Nach Abschluss ihrer Promotion an der TUM arbeitete Kerstin Prechel in Führungspositionen in börsennotierten Unternehmen. 2019 gründete sie ihre eigene Beratungsfirma und wurde zur stellvertretenden Professorin für Betriebswirtschaftslehre an der Hochschule für Angewandte Wissenschaften Hamburg ernannt. 2021 wurde sie schließlich zur Professorin an der Dualen Hochschule Schleswig-Holstein berufen. Damit ist für Kerstin Prechel ein Traum in Erfüllung gegangen: Nun kann sie ihr umfangreiches Wissen im Bereich der Betriebswirtschaftslehre, des Projektmanagements, der Organisation und Wirtschaftsethik an ihre Studierenden weitergeben. Von einem großen Glück spricht sie gerade dann, wenn es ihr gelingt, für sie auch Mentorin und Vorbild zu sein, sie zu ermutigen und an sich glauben zu lassen.

Am Mittwoch, den 24. August 2022 wird Kerstin Prechel an der TUM im Rahmen einer Veranstaltung der Women of TUM über Chancengleichheit und die Höhen und Tiefen ihrer Karriere sprechen. Sie gibt persönliche Ratschläge, wie man eine Karriere meistert, wenn der eigene Weg voller Hindernisse und Stolpersteine ist. „Wenn ich dabei nur einer Frau Mut machen kann, dann habe ich mein Ziel schon erreicht“, sagt Kerstin Prechel.
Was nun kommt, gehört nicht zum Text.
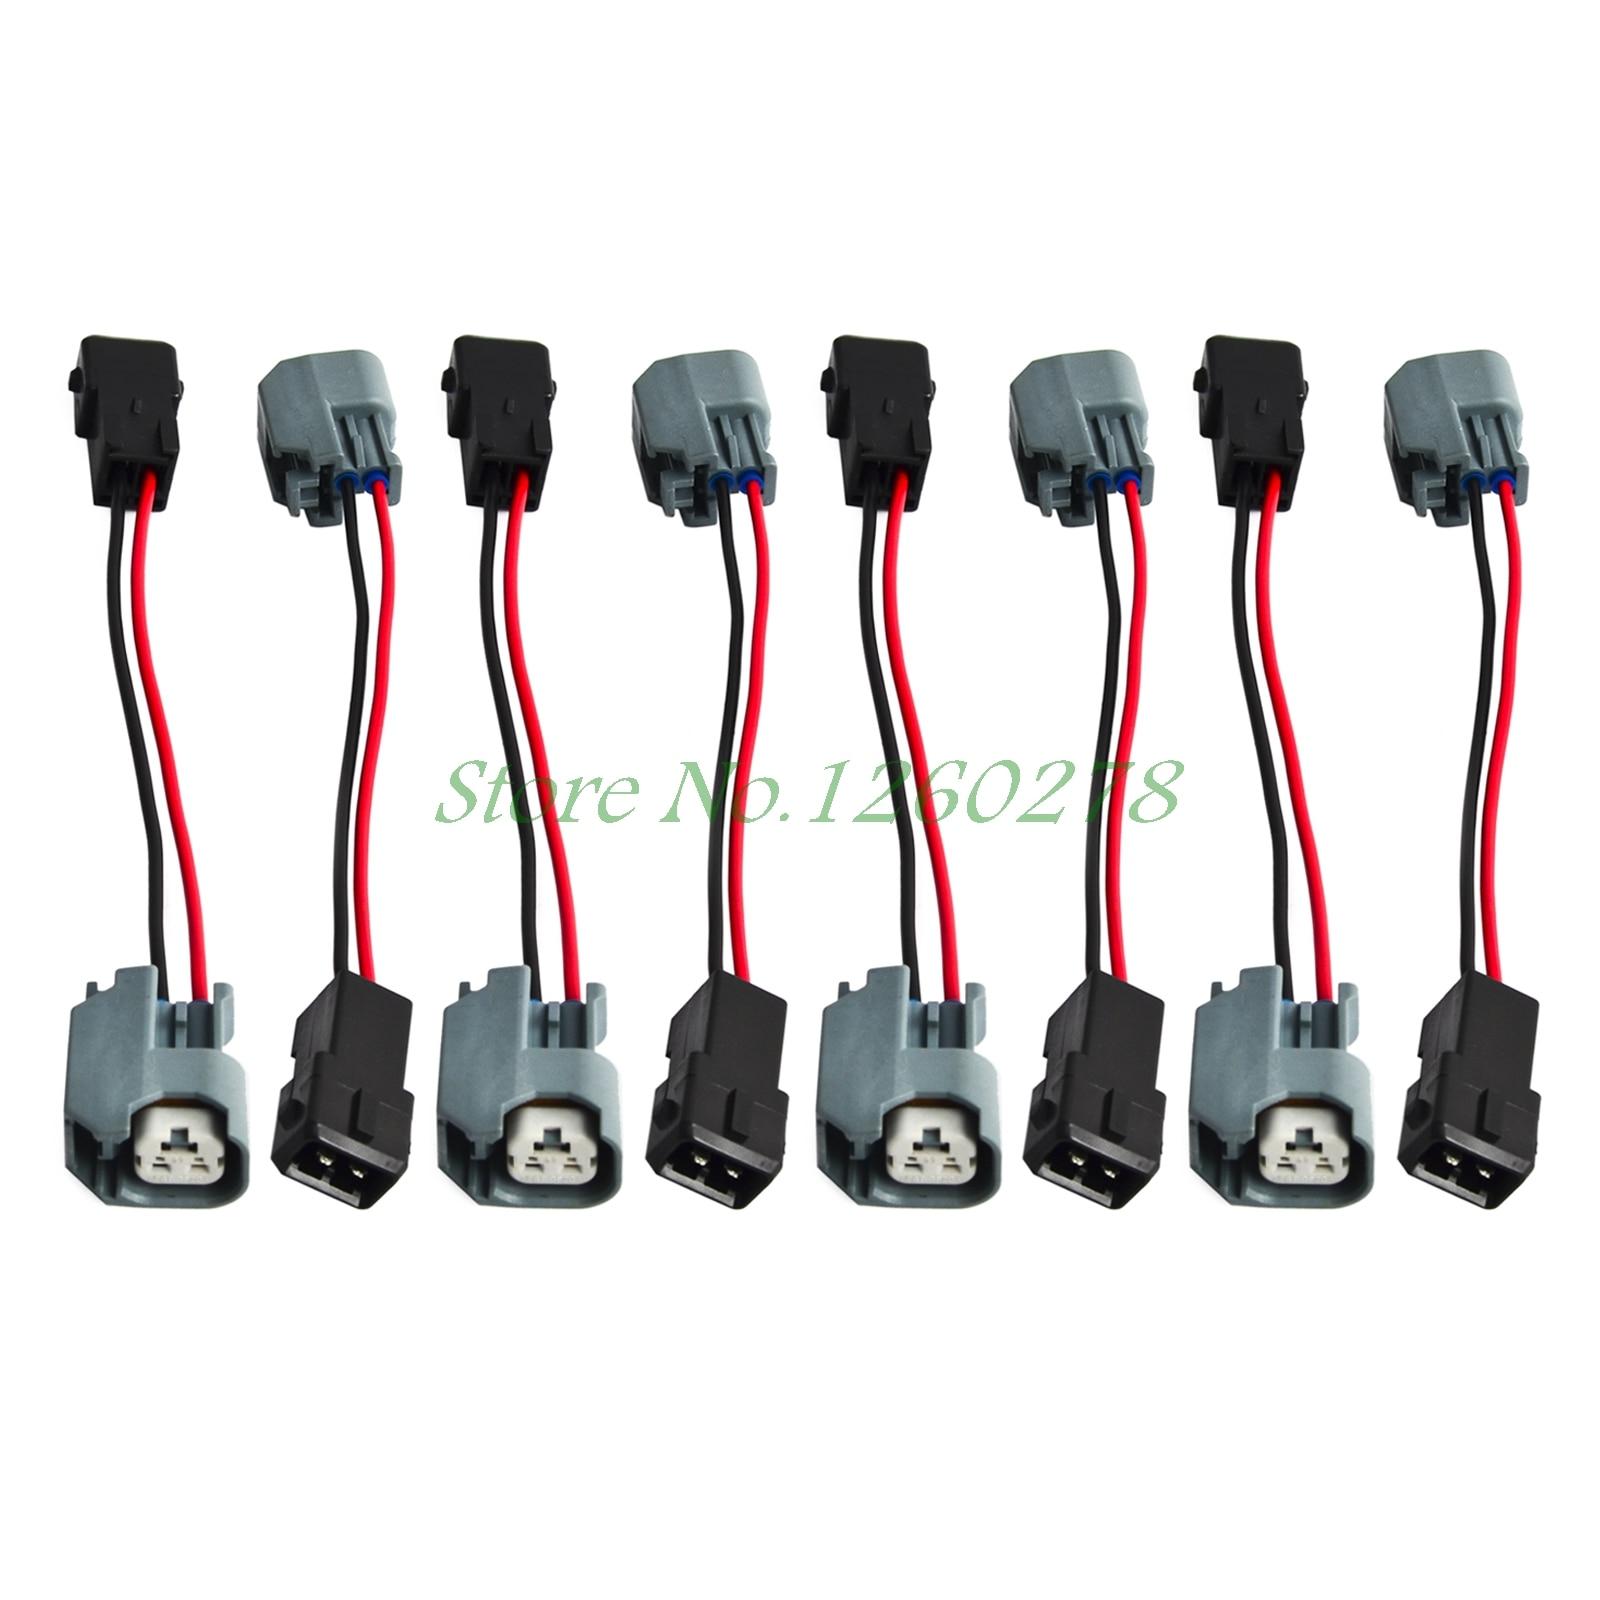 Motor del inyector de combustible arnés de cable adaptador de conectores para 8-LS1 LS6 LT1 EV1 motor con LS2/LS3/LS7 (EV6)

TUM Alumna Kerstin Prechel auf dem University Future Festival des KI-Campus.

Durch ihren Doktorvater an der TUM wurde TUM Alumna Kerstin Prechel zunehmend in Forschungsprojekte zu Ethik und Künstlicher Intelligenz eingebunden. Heute gilt sie als Expertin in diesem Bereich. Das Bild zeigt sie beim University Future Festival des KI-Campus (Bild: Hochschulforum Digitalisierung).

TUM Alumna Kerstin Prechel.

Kerstin Prechel (Bild: Privat).

Prof. Dr. Kerstin Prechel

Promotion Wirtschaftsethik 2014

 

Von 2002 bis 2004 studierte Kerstin Prechel als DAAD- und Fulbright-Stipendiatin Marketing an der University of North Carolina in Wilmington/USA. 2005 folgte das Diplom in Betriebswirtschaftslehre und internationalem Management an der Hochschule Bremen. 2014 schloss sie ihre berufsbegleitende Promotion in Wirtschaftsethik an der TUM ab.
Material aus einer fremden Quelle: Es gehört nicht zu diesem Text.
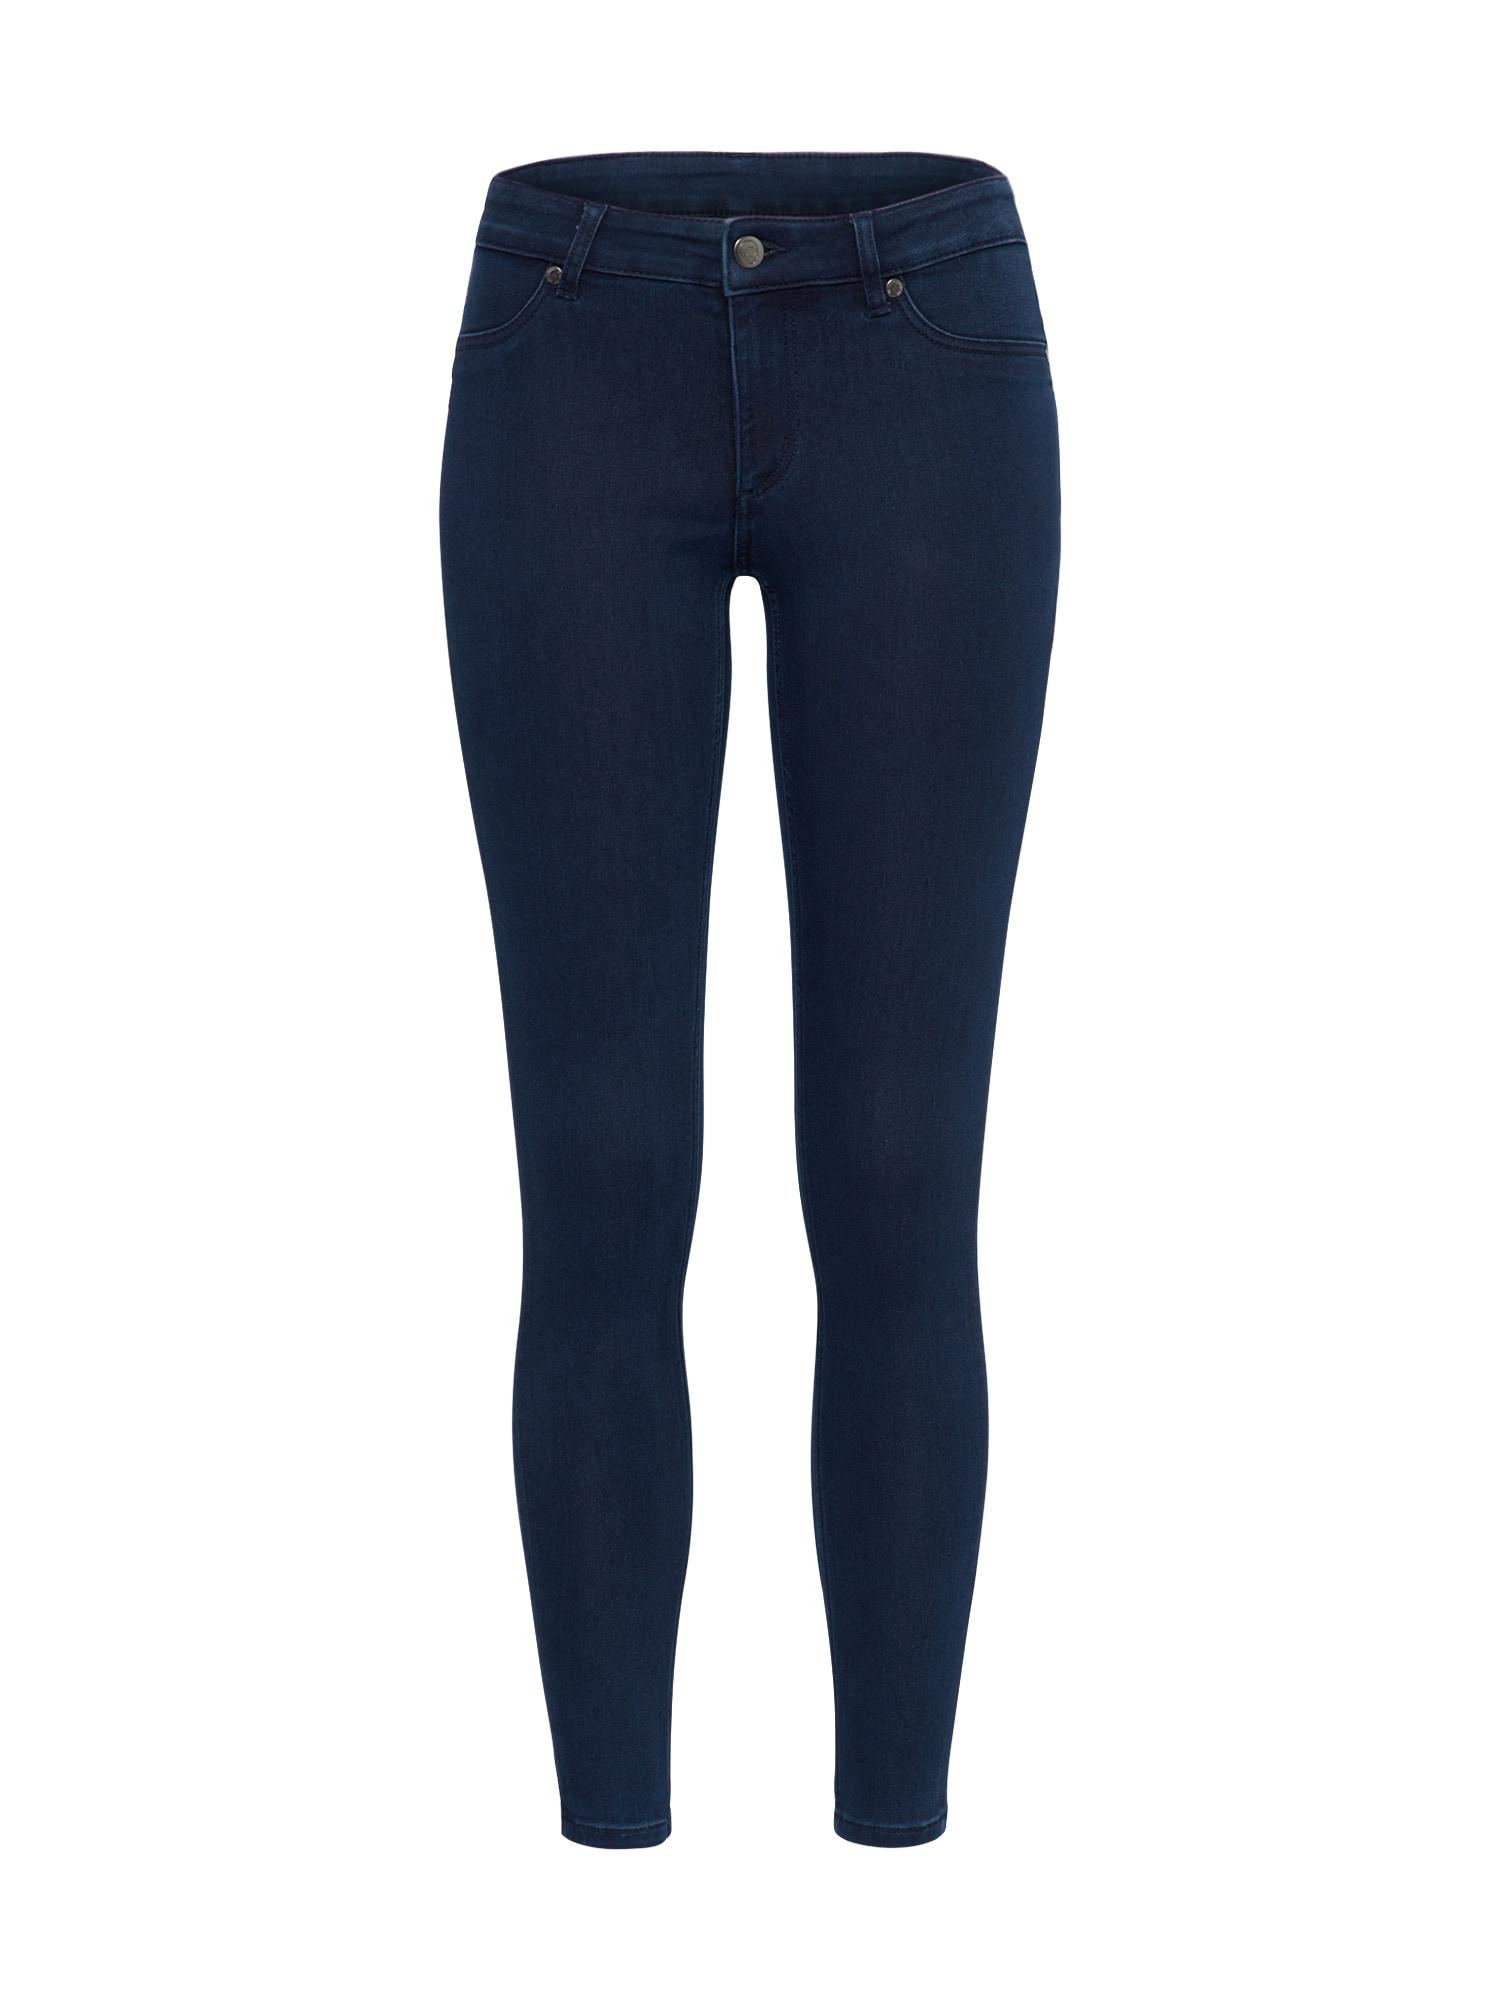 CHEAP MONDAY Dames Jeans blauw

Zehn Jahre lang arbeitete Kerstin Prechel in internationalen Firmen in Führungspositionen im Bereich Marketing und Produktmanagement. An der Dualen Hochschule Baden-Württemberg, am Deutschen Elektronen-Synchrotron DESY, der Fachhochschule Nordakademie Elmshorn sowie der FOM Hochschule für Ökonomie & Management war sie als wissenschaftliche Mitarbeiterin und Dozentin tätig. Es war immer schon die Arbeit mit Menschen, die sie besonders glücklich machte. 2019 gründete sie ihr eigenes Beratungsunternehmen für Wirtschaftsethik in Theorie und Praxis. Noch im selben Jahr wurde sie zur stellvertretenden Professorin für Betriebswirtschaftslehre in der öffentlichen Verwaltung, für internationales Marketing und Business Ethics an der Hochschule für Angewandte Wissenschaften Hamburg (HAW) ernannt. Seit 2021 ist Kerstin Prechel an der Dualen Hochschule Schleswig-Holstein Professorin für Projektmanagement, Organisation und Schlüsselkompetenzen.
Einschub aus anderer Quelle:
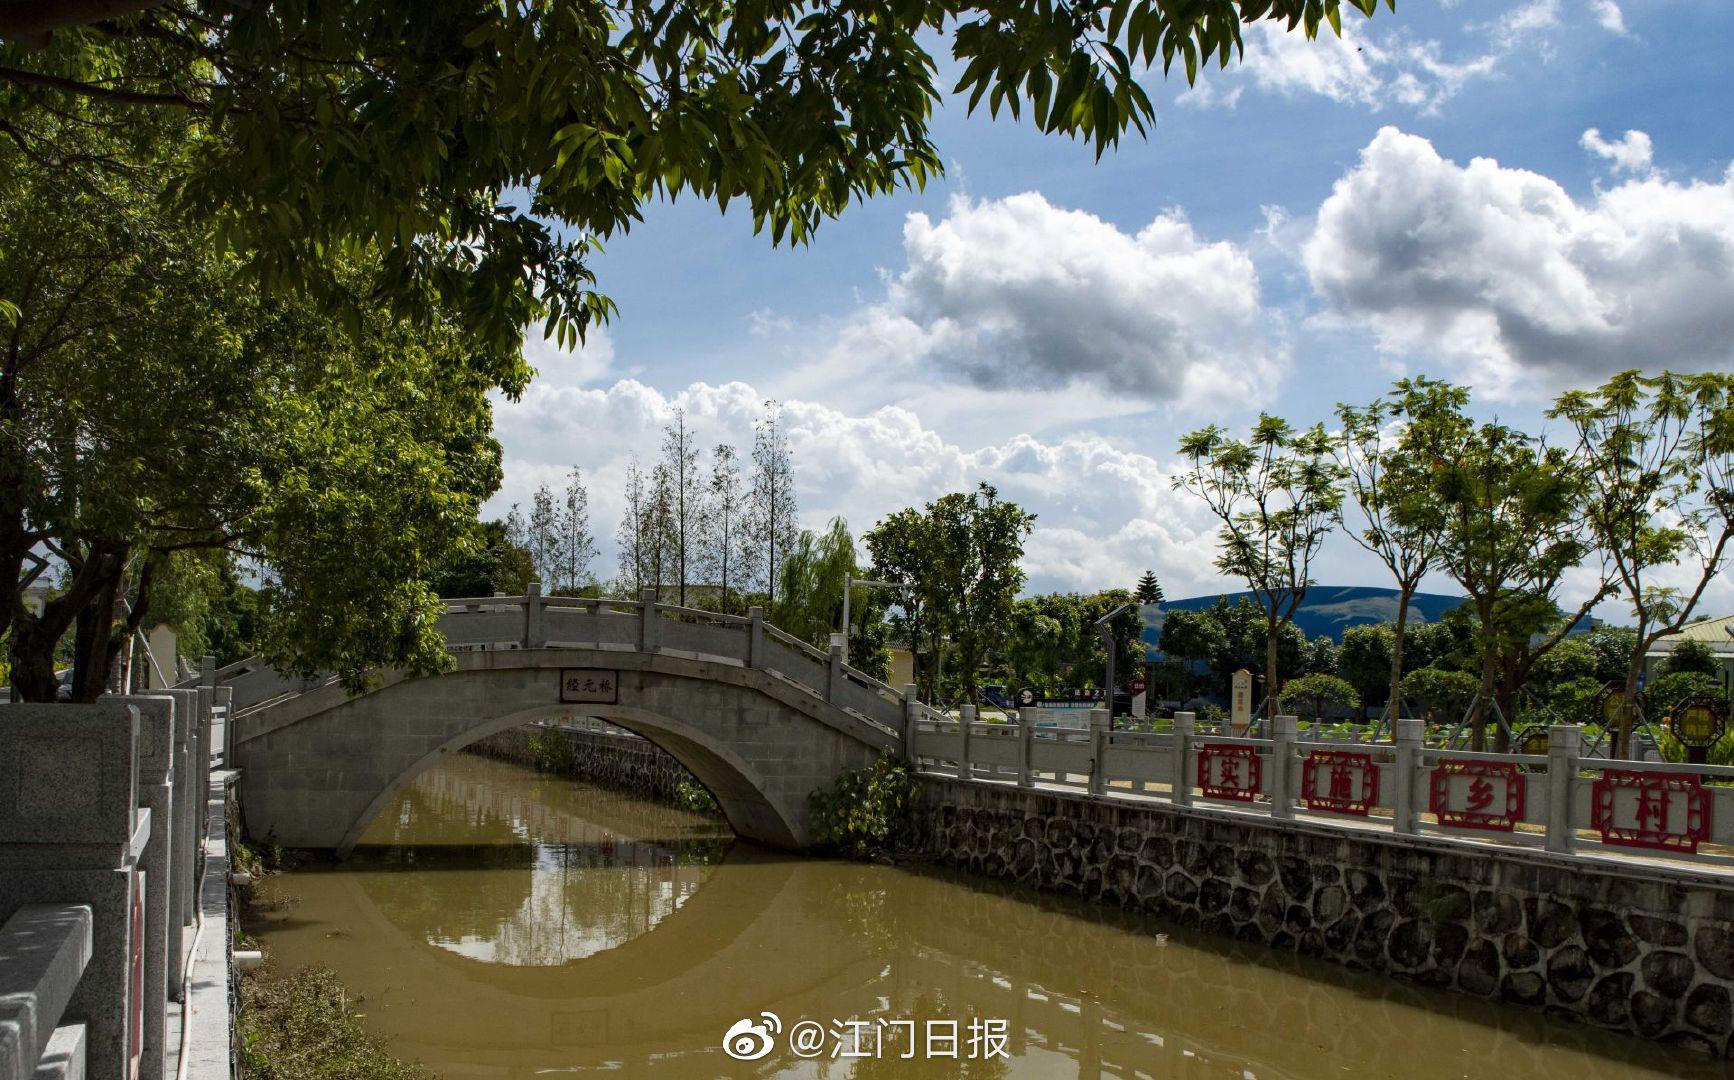 潮连卢湾村:夏日赏荷好去处

Kerstin Prechel ist Mitglied im KI-ExpertLab Hochschullehre der FernUni Hagen und Fellow des KI-Campus, einem vom Bundesministerium für Bildung und Forschung geförderten Projekt zur Stärkung von KI-Kompetenzen durch innovative, digitale Lernangebote.

Erst kürzlich ist Kerstin Prechel samt ihren beiden Katzen und ihrem Deutsche-Dogge-Welpen in ein Haus mit Garten ganz in der Nähe ihrer Eltern gezogen. Diese möchte sie im Alter mehr unterstützen.